Он плюнул, отвернулся от окна и мрачными черными глазами уставился на Сергея Павловича.
– О чем мы? – после минуты тяжкого молчания, нахмурившись, спросил он. Сергей Павлович робко ответил, что о непостижимости…
– Меня, собственно, – поспешно заговорил доктор Боголюбов, думая, что Бог с ней, с непостижимостью, и опасаясь, что о. Викентия охватит новый прилив или вдохновения, или ярости, – еще интересует в судьбе деда, Петра Ивановича, какая-то Декларация, которую он отказался принять…
Сергей Павлович хотел было добавить о Завещании Патриарха, тайну которого Петр Иванович Боголюбов, судя по всему, унес с собой в свою безвестную могилу, но неведомо по какой причине вдруг решил до поры повременить. Кажется, он вспомнил папу, которого хранившаяся его родным отцом тайна патриаршего Завещания и потрясла, и ужаснула. И она же исторгла из папиной груди заклятие, обращенное к сыну: никогда! никому!
– Н-н-да, – севшим и скучным голосом промолвил о. Викентий, и взор его потух. – Кхэ… кхэ… Непостижимость… Лично мне… в данный миг… непостижимо… – И с глубокой скорбью он обратился к Макарцеву. – Как мог ты, врач немощной нашей плоти, не учесть ни естественных ее потребностей, ни обостряющих эти потребности переживаний?
– Виноват, ваше преподобие, исправлюсь, – бодро отвечал ему друг Макарцев, скрытно подавая Сергею Павловичу знаки, призывающие к незамедлительному окончанию беседы и поспешному бегству из этих стен.
– Ко мне следует обращаться «ваше высокопреподобие», ибо Профилакт по случаю выхода его книги о равноапостольном Владимире изволил наградить меня митрой и правом служения при открытых царских вратах. Книгу, само собой, написал я – от первой до последней строчки. Но это, – и о. Викентий с горестной усмешкой опустился на стул, – навсегда останется тайной для благочестивых читателей.
Он сокрушенно покачал головой. Непостижимость. Да. О да. Предвечно сущий. Ибо кто может вымолвить нечто определенное об изначально неведомом?
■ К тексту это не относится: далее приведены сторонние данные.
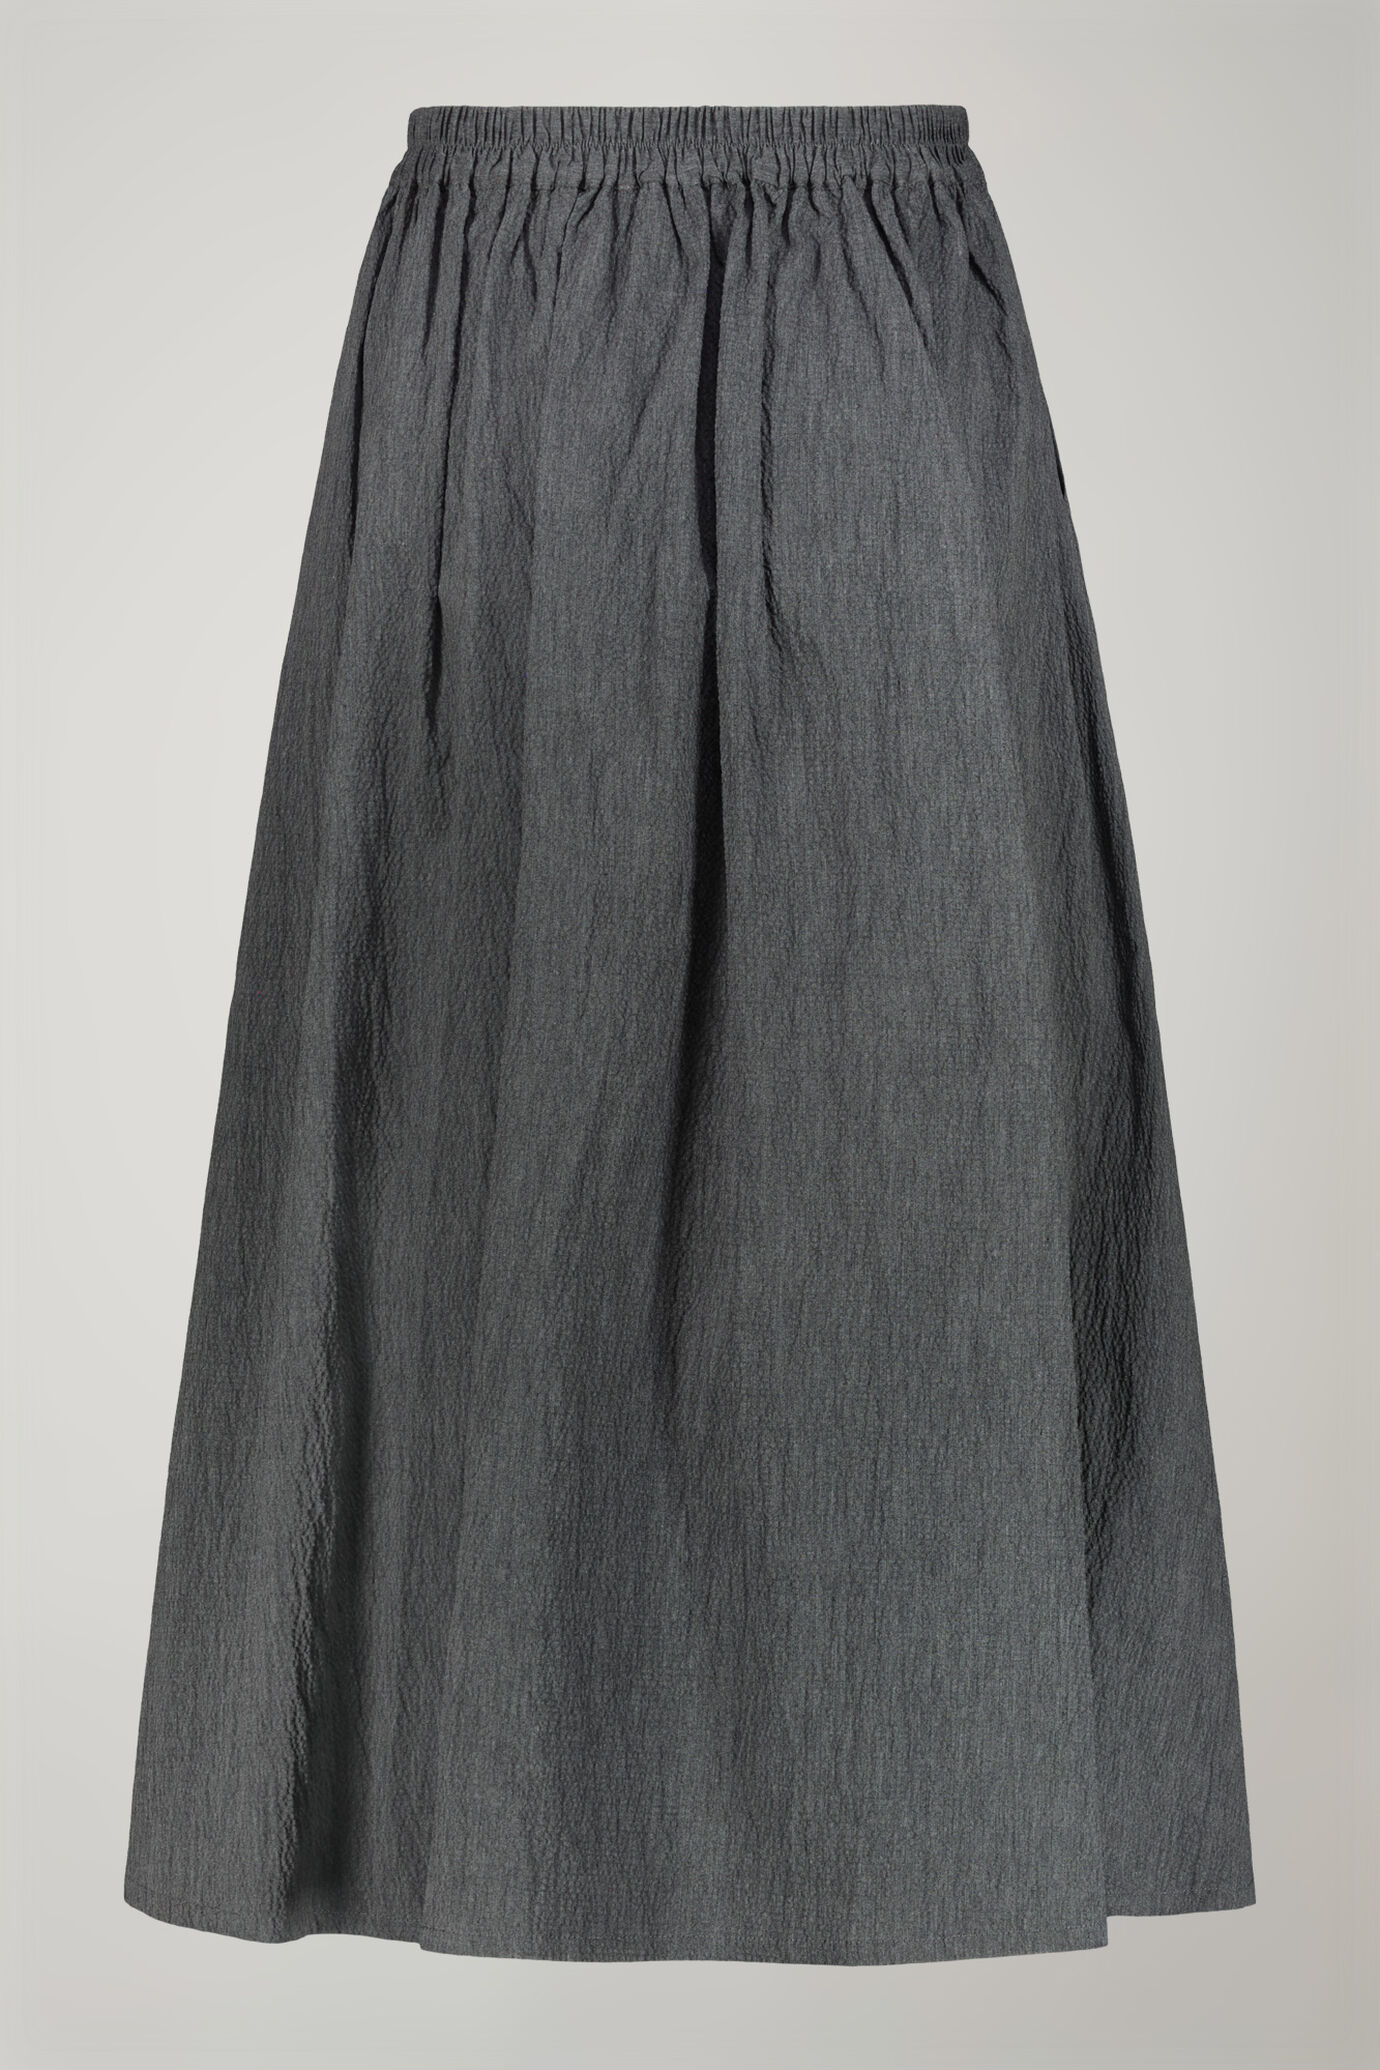 Women's solid color embossed cotton skirt regular fit image number 5

Признание непостижимости Бога есть единственный и наивернейший путь, всего лишь отчасти приближающий нас к постижению Создателя. Парадокс? Но все христианство соткано из парадоксов, и подходить к нему с плоским человеческим разумом – значит уподобиться слепому, который на основании ощупанной им дверной ручки берется судить о красоте и величественности всего здания.
– Твой дед, дитя мое, – мученик. – Он ласково накрыл своей ладонью руку Сергея Павловича. – И не томи себя напрасными размышлениями. Вечные вопросы, – промолвил он, и в черных зарослях его усов и бороды возникла и тут же погасла улыбка сопутствующей многому знанию печали, – обжигают на всю жизнь. Мученик же Петр Иванович Боголюбов… так его величали?.. иерей Петр у Господа во дворах Его. – Отец Викентий перекрестился. – Ибо честна пред Господом смерть преподобных Его.
Он покосился в окно, брезгливо сморщился и сказал, что полчаса тому назад отбывший в Верховный Совет Профилакт со всеми своими потрохами целиком и полностью вышел из Декларации митрополита Сергия (тотчас разъяснилась для Сергея Павловича тайна двух букв в письмах Петра Ивановича: «м» и «С»), облобызавшего руку палачей Церкви и России.